What was that? A bolt of feathered lightning. A whoosh. A dark, grey-brown flash. Noise. Alarms. The garden is now empty. Empty but for a few fluffy, blue-ish feathers, floating in the air, a bright red streak on the bird table and the stillness of death. Ladies and gentlemen—the sparrowhawk.

‘It’s not really birdwatching you do, is it, Dad?’ Jon asked. ‘It’s just walking in the country. Not even in the country, always. I mean, you could walk to a pub three miles away and if you see a bird you can identify you call it birdwatching, when it’s really going to the pub!’

‘Don’t give my secret away, son!’

The mini-idyll was spoiled by the tinny ringtone of a mobile phone.

‘Oh, Lou, I can’t believe you brought your mobile phone with you.’

‘I only brought one of them!’ she said, scowling. ‘Hey, Rozzie, hi, how are you?…No, I’m out at the moment…no, I’m with Jon and my dad…What are we doing? Oh, we’re…um…we’re out.’ Louise looked at me sheepishly. ‘We’re shopping in town!’

DANNY SEES A BIRD

I
t’s hard to explain the appeal of watching birds. They are not even fluffy and cuddly. There are some cute little ones and some brightly coloured ones but they are, in the main, spiky and reptilian with blank cold eyes. They don’t do anything special when you watch them; just get on with their lives. But maybe that is special. They eat, have sex, have children and die. And they are not that worried by us. Animals avoid us, but birds can always fly away, so they are taking less of a risk in being around. And they’ve adapted to us fairly well. If you watch crows on the motorway scavenging the dead carcass of a hedgehog, a pheasant or even a crow, they move out of the way when a car comes hurtling towards them. But they’ve learned to time it very well. You can see a rook stabbing at the dead body, casually stepping aside as a car bombs past, then nonchalantly returning to its food seconds later. And be honest: you don’t see many dead crows on the carriageway. Birds are there, doing their thing, right under our very noses.

But it’s hard to explain all this, especially to someone like Danny who is, shall we say, rather ‘urban’ in most ways.

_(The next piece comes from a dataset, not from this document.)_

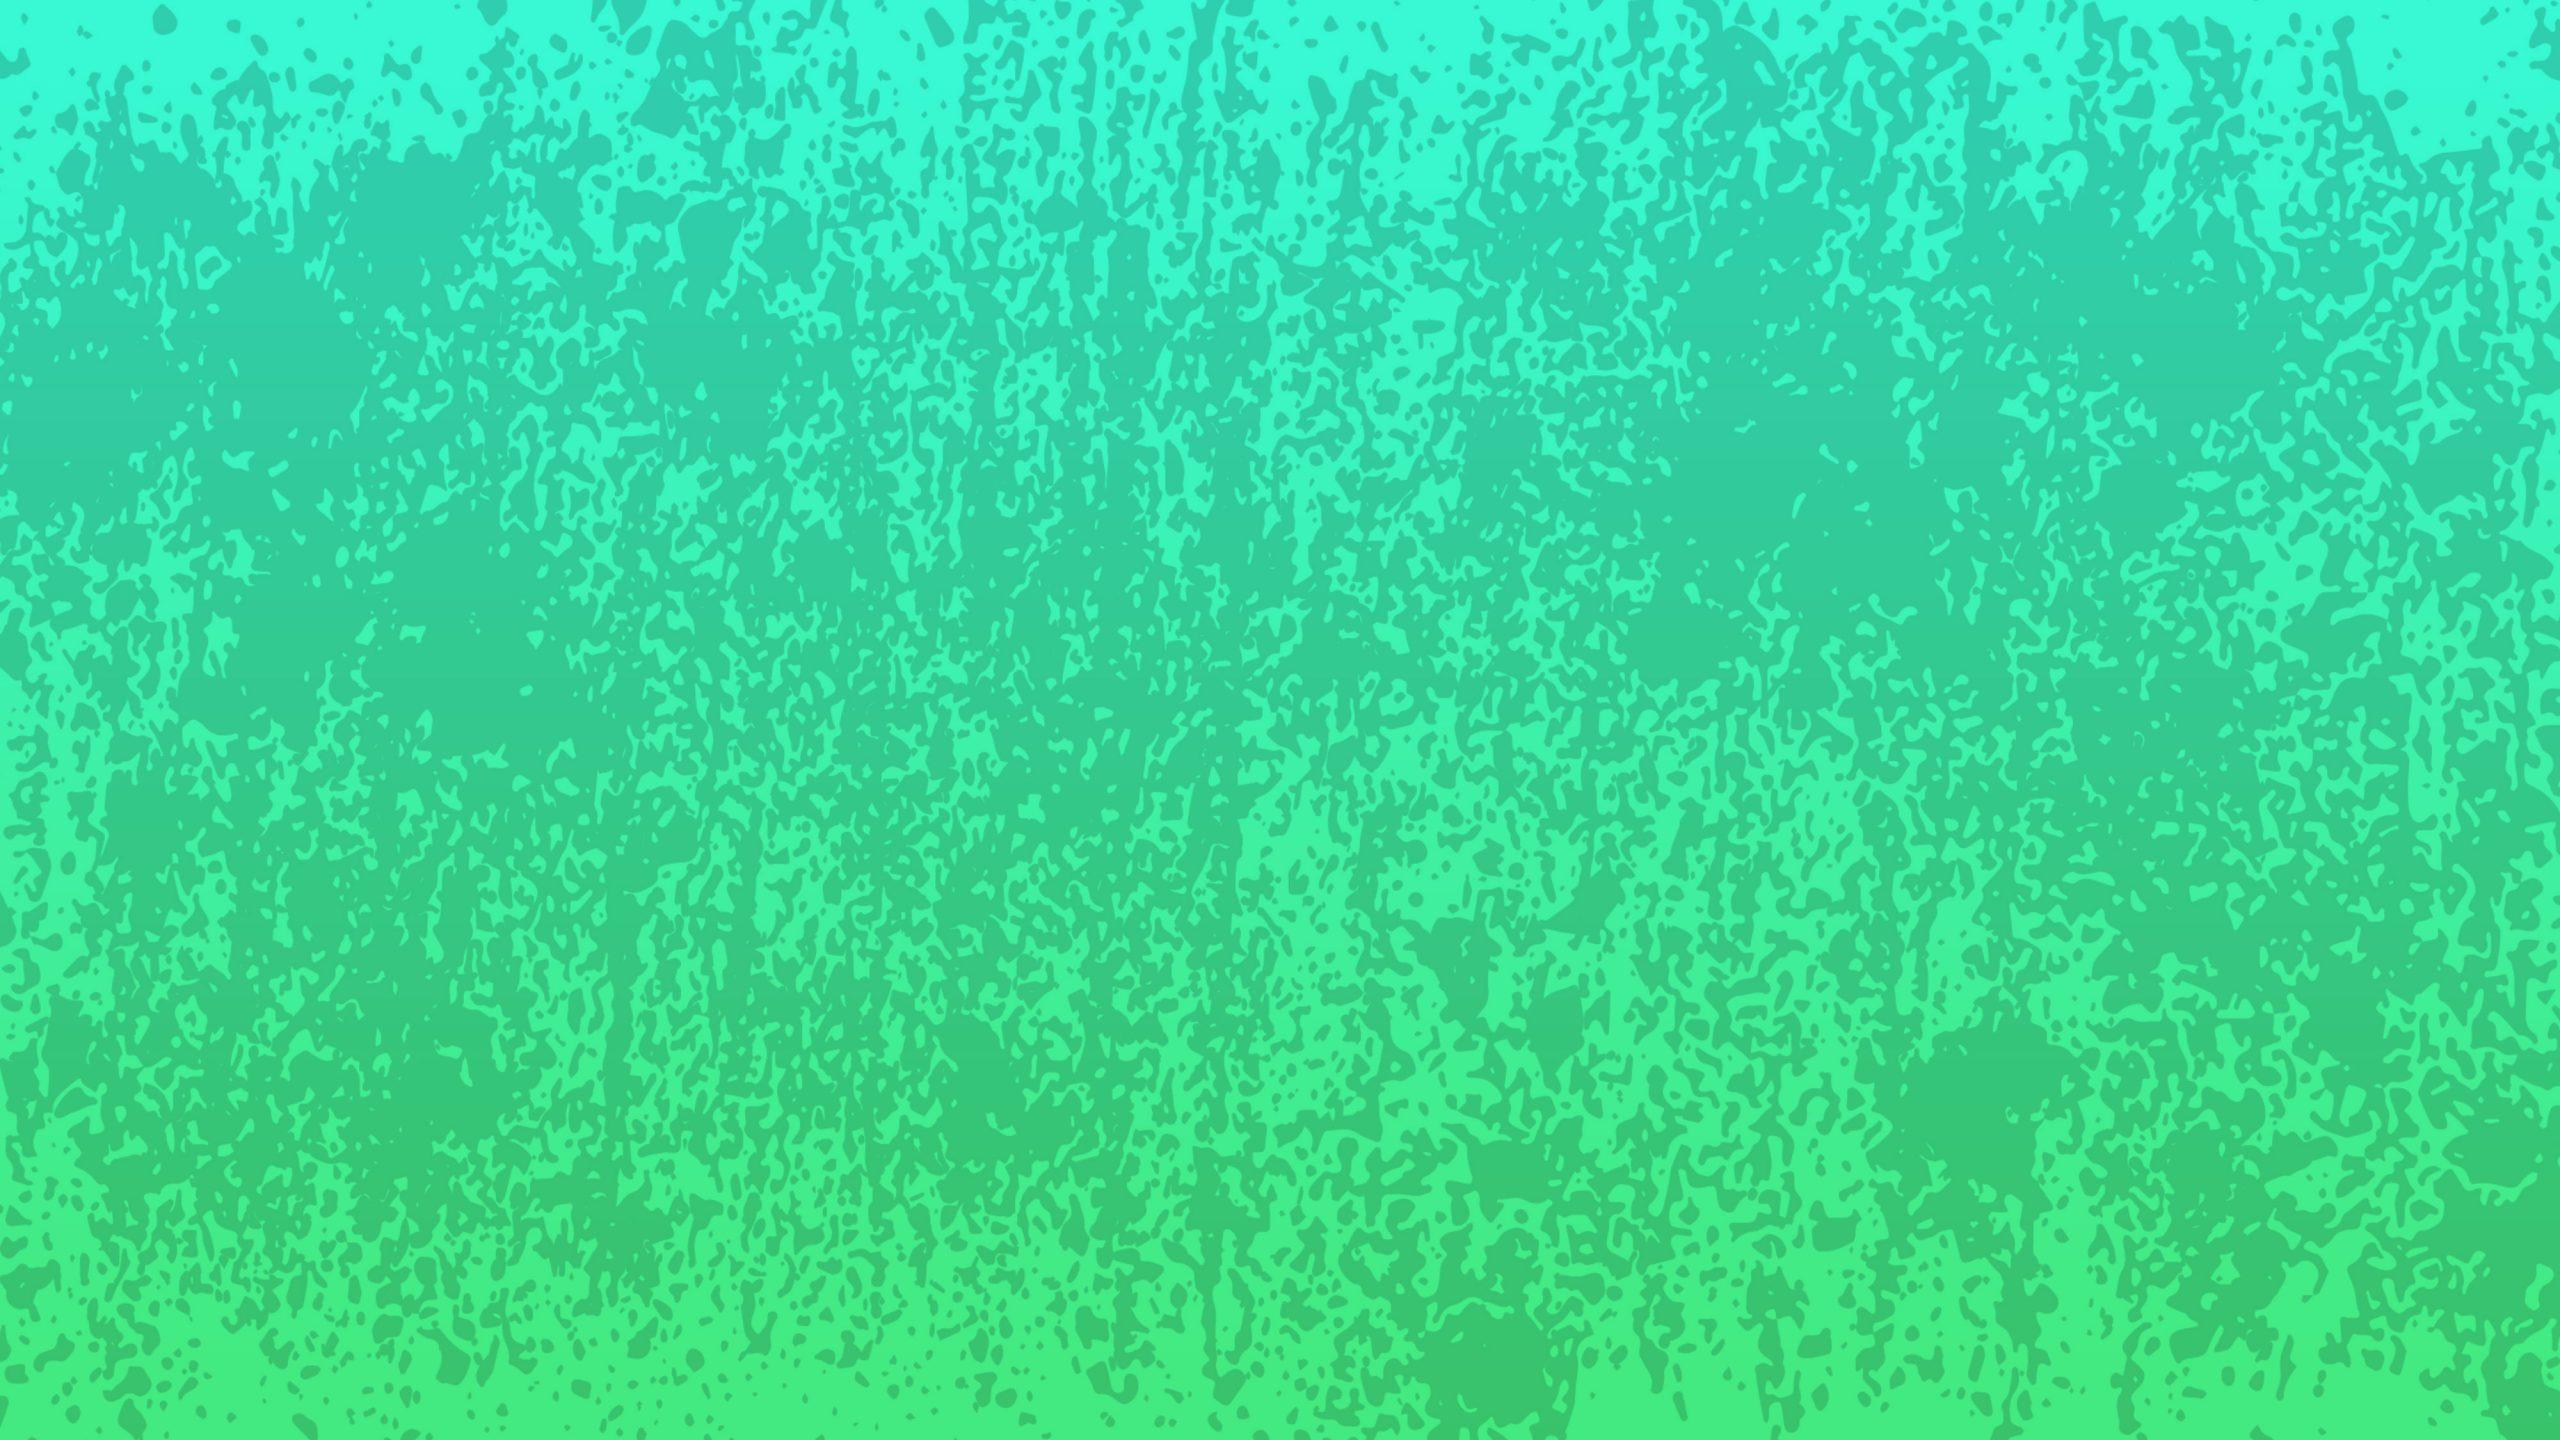 green-pattern-background

By day he drives around the country, visiting factories, schools, hospitals and offices, servicing computers and secretaries, and by night he’s salivating over or dropping ash on some poor girl at a back-of-the-pub rock gig. I was determined to get him out bird-watching. No lifestyle and twitching can be mutually exclusive. Unless your lifestyle is shooting as many birds as you can as they fly over your house. But let’s not get sidetracked into talking about the French in these pages.